"gelen vurdu giden vurdu" lafının en iyi özetlendiği olaylardan biridir. öyle soyut bir durum da değildir, tamamiyle somuttur. hani sevgilin aldatır, en iyi arkadaşınla çıkmaya başlamıştır. onlar soyuttur ve insanın içinde kalır. ama bu durum apayrıdır..
çocuk koşarken birden ayağı yere takılır ya da küçük olduğu için kemikleri gelişemediğinden sendeler ve düşer. zaten onun acısı ona yetmektedir, dizleri kanamaya başlamıştır.
anne gelir çocuğunu kaldırır ve o ağlayan çocuğa bir tane de kendisi vurur. neymiş efendim? üstü kirlenmişmiş, misafirliğe gidiyorlarmış.
sonra da "anne sen beni küçükken hep dövüyordun" diyince "hadi be ordan, ben seni ne zaman dövdüm. bak böyle dedin diye döverim şimdi" şeklinde tepkilere maruz kalınır..

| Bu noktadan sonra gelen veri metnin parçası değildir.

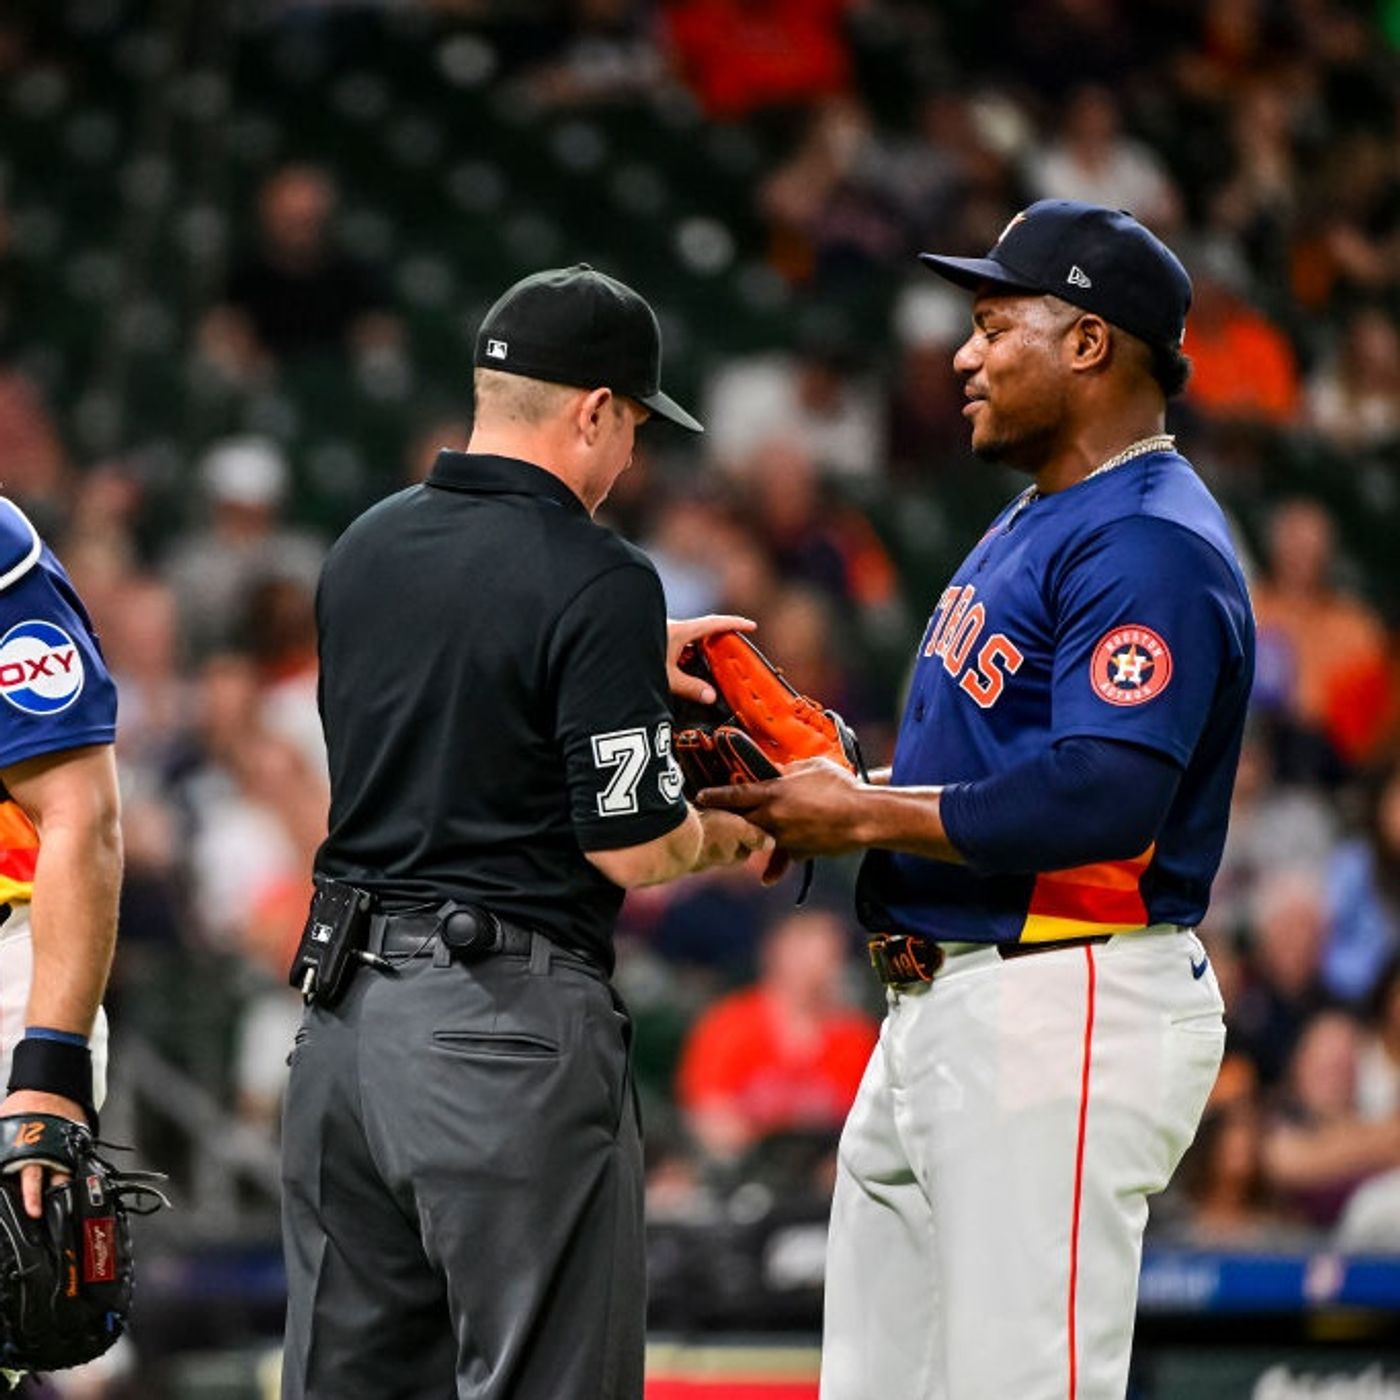 Framber Leads Astros To 4 Straight Wins, Blanco Suspended, Texans Schedule Release

Coçugun içine kapali olmasina ve daha sonralarda muhtemel bir sorun esnasinda guvensizlik veya ikinci bir tekme korkusuyla ane veya babasina açilmamasina neden olay bilinçsiz bir harekettir.
"Eger saglam,kendi ayaklari ustunde durabilen ve kendine guvenen bir nesil yetistirmek istiyorsak ebeveynlerimizin acil olarak bilinçlerdirilmesi lazimdir" dedirten durumdur.
annenin bir eli; çocuğu, bileği ile dirseği arasındaki bölümden kavrayarak, silkeleme, kaldırma karışımı bir eylemdeyken, diğer eli de tokatlama, çocuğun üstünü başını temizleme, gözyaşını silme eylemindedir.
vıdı vıdı söylenirken de hem çocuğun önemli bir yarası olup olmadığına, hem de giysilerin uğradığı zararı tespit etmeye yönelik delici bakışlara sahiptir.
annenin çocuğa, hayatın acımasız olduğuna dair bir dersidir. anne burada çocuğa, düşenin dostu olmayacağını anlatmak ister aslında. anneler hiç bir zaman çocuklarının kötü olmasını istemez. her olaydan bir ders çıkarmalıyız.
çocuk düşer. anne gelir kucağına alır.
bir yandan sallar bir yandan da teselli mahiyetli yanağını okşar ufak vuruşlarla.
işte salak çocuğumuz burada çığlığı basar:
hüveeaa ben düştüm sen de beni dövüyorsuun, hüveaa!
bir keresinde yanıbaşımda oluveripdurmuş bir olaydır bu benim.şimdi çocuk zaten o xan acısıyla din iman küfür edicek zaten belli.bir de yaşının ufaklığına bakmadan rezil oldum ulan tüh durumu var.e be kadın ya kaldır çocuğunu hiç ilgilenme (ek bilgi: ki düşen çocuklara hiç bakmayınız efendim onlar canı acıdıkları için değil sizin acı dolu bakışlarınızdan etklilenip hııııhh üleennn fırsat buldum basmalıyım şimdi yayagarayı nasılda ilgi görücem dur sen dur diye düşünüp hakkaten de yaygarayı basarlar hiç acımadan,onun için hiç görmemişsiniz duymamışsınız gibi davranmaya devam edin.ısrarla o beş on saniye kadar yerde oturup gözleriyle sizi delseler bile.)ya da kaldır bi iki düzelt üstünü başımı bişeyin varmı de çok üsteleme geç git.sen niye çata çota giriyosun çocuğa.ha o çocuk o dayağı yediği zaman bir daha düşmücek mi sanki.bir insan yavrusuna nie düştün diye sorulur mu yav?bu arazi aracı mı.e madem neden diye sorduğun sorulara o beş yaşındaki küçük cevap veremiyosa peki neden vurdun az önce?.çok dertliyim sözlük çok.
şiddeti savunan ya da ne biliyim çocukların dayakla eğitilmesi gerektiğini düşünen biri değilim ama, çocuklukla ilgili en komik olaylardan biridir. tabii anne psikopatsa ve çocuğu evire çevire dövüyorsa ayrı ama, bir türlü düzgün durmayan, atlayıp zıplayıp anasını zıvanadan çıkarmış veledin, düştükten sonra götüne iki tokat yemesi çok komiktir.
-doğru dursana evlaadım.
-hebele hübele..ay ay ay! ne vuruyon yaa!